Thanks to commerce and censorship, the Web of today has very little in common with the nascent Web of the 1990s—or, for that matter, of the early 2000s. Wi-Fi has left dial-up in the dust; the dark depths of YouTube, assuming they still exist, are buried under layers of Vevo; China’s cyber-censorship regime has earned the nickname “The Great Firewall.” Cyberspace has also become the latest battleground of the 21st century, with the US government alone reporting 77,183 attacks on its servers last year. After recalling that the Internet’s forebear, ARPANET, was a communications system funded by the Department of Defense and designed to withstand a nuclear attack, Malcomson observes, “It’s tempting to see a long-term pattern at work: technology born in war returns to war.”

But he resists that temptation, opting instead to see the Internet as a realm of realpolitik. Malcomson’s “Splinternet,” a cyber-realm disintegrating along geopolitical fault lines, isn’t a rupture of the World Wide Web, but rather a pointed reminder of the inescapability of this global condition. Perhaps the greatest example of this is the Edward Snowden documents, released over three years ago. For Malcomson, being able to peer behind the curtain of the National Security Agency’s massive surveillance apparatus wasn’t as interesting (“What are spy agencies for, if not to spy?”) as learning of the complicity of Silicon Valley’s largest corporations: “These were not quite global companies after all…. They were not extra-territorial. Cyberspace was an illusion.” Snowden revealed a burgeoning struggle for control over the Internet, in which the United States has the clear advantage. “Whatever the degree and nature of ‘public-private cooperation’ might be,” Malcomson writes, “the NSA has never left any doubt that it will do whatever it can to get the information it considers necessary to carry out its mission.”

Yet while an Internet free of government intervention still seems like a pipe dream, Malcomson reminds us that in the wake of Snowden’s revelations, major tech companies have pivoted into “vehement direct opposition” to the US government, as evinced by Apple’s recent battle with the FBI over an iPhone belonging to one of the shooters in the San Bernardino, California, terror attack. In response to the federal government’s calls for a back door into the iOS, Apple CEO Tim Cook wrote: “Ultimately, we fear that this demand would undermine the very freedoms and liberty our government is meant to protect.”

Malcomson’s argument seconds the idea of “allies of convenience” promoted by some civil libertarians—namely, that corporate and state actors can be pitted against each other in order to preserve individual liberties on the Web—and he expands this argument to include geopolitics: “the public Internet…will be just one Internet among many. But because other Internets will be made safe, this global public Internet should be able to survive.”

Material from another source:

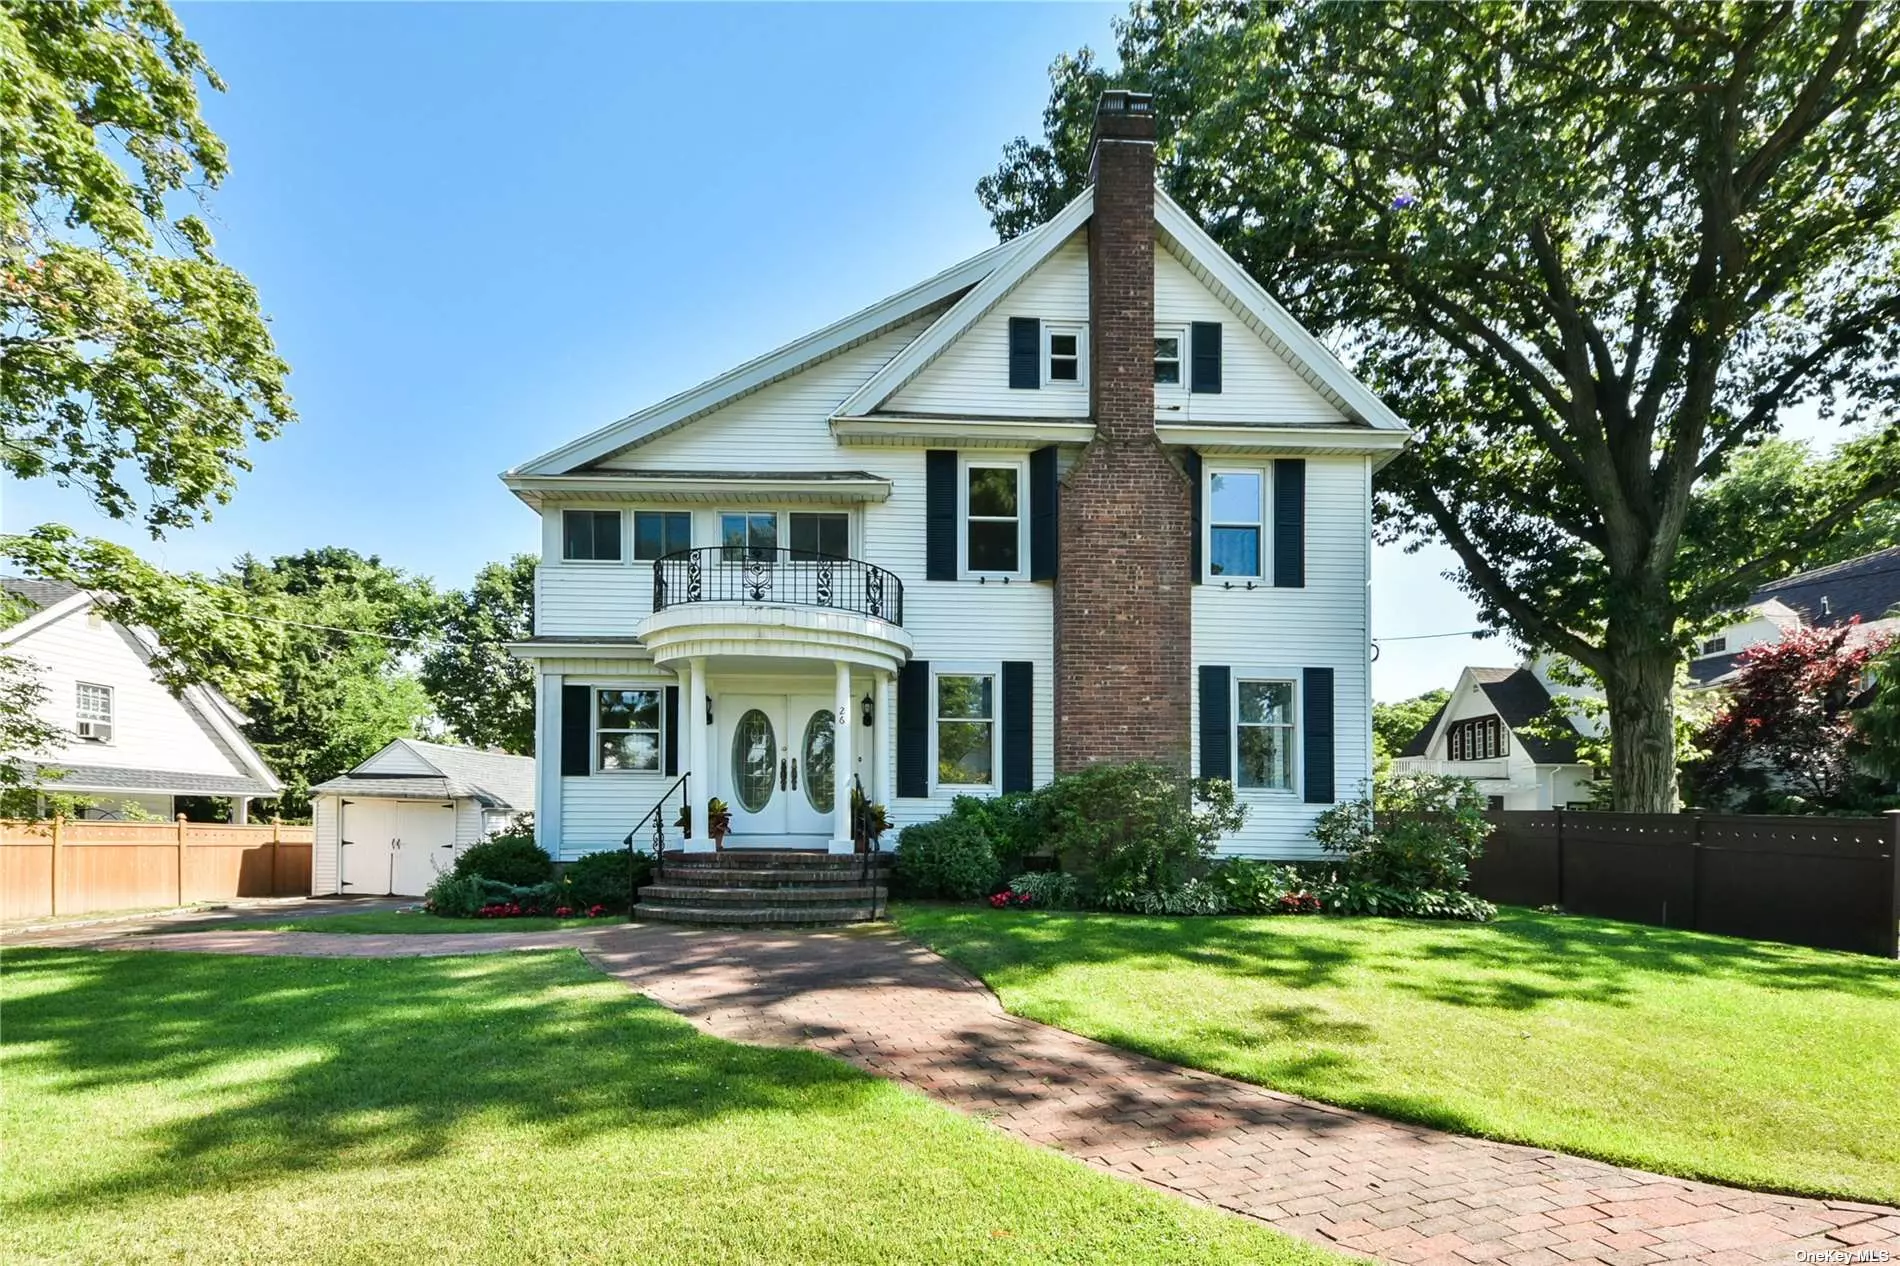 Classic Center Hall Colonial completely renovated. Extra large lot with private fenced back yard and huge deck. Front yard professionally landscaped. Close to marina and waterfront. Close to transportation and school. 25 minutes LIRR commute to Manhattan.

The Economist, in its own review of Malcomson’s book, made the following comparison: “Air travel today may be less luxurious but it is vastly more affordable and democratic. So too, for all its flaws, is the internet.” Perhaps there’s a better analysis:  Just as air travel today is a commingling of class and geopolitics that determines how free one really is to travel through various parts of the world, so too is the Internet a complex system of geopolitical and economic interests, with America currently the dominant power in a new global struggle for control. Yet as Malcomson points out, “China, Russia, and to a lesser extent India and some European powers are striving to eliminate this American advantage.” Presumably, this will “become another field for regional competition.”

Will democracy survive this new power struggle? Civil liberties on the Web are by no means guaranteed when even the Democratic presidential nominee calls for a “Manhattan-like project” to break encryption. In the post-Snowden moment, there are still ways to fight back against the ever-encroaching control of state and corporate actors. And as Malcomson reminds us, while the Internet is “not a utopia…it is still a precious victory over the weary giants of flesh and steel, and profoundly worth defending.”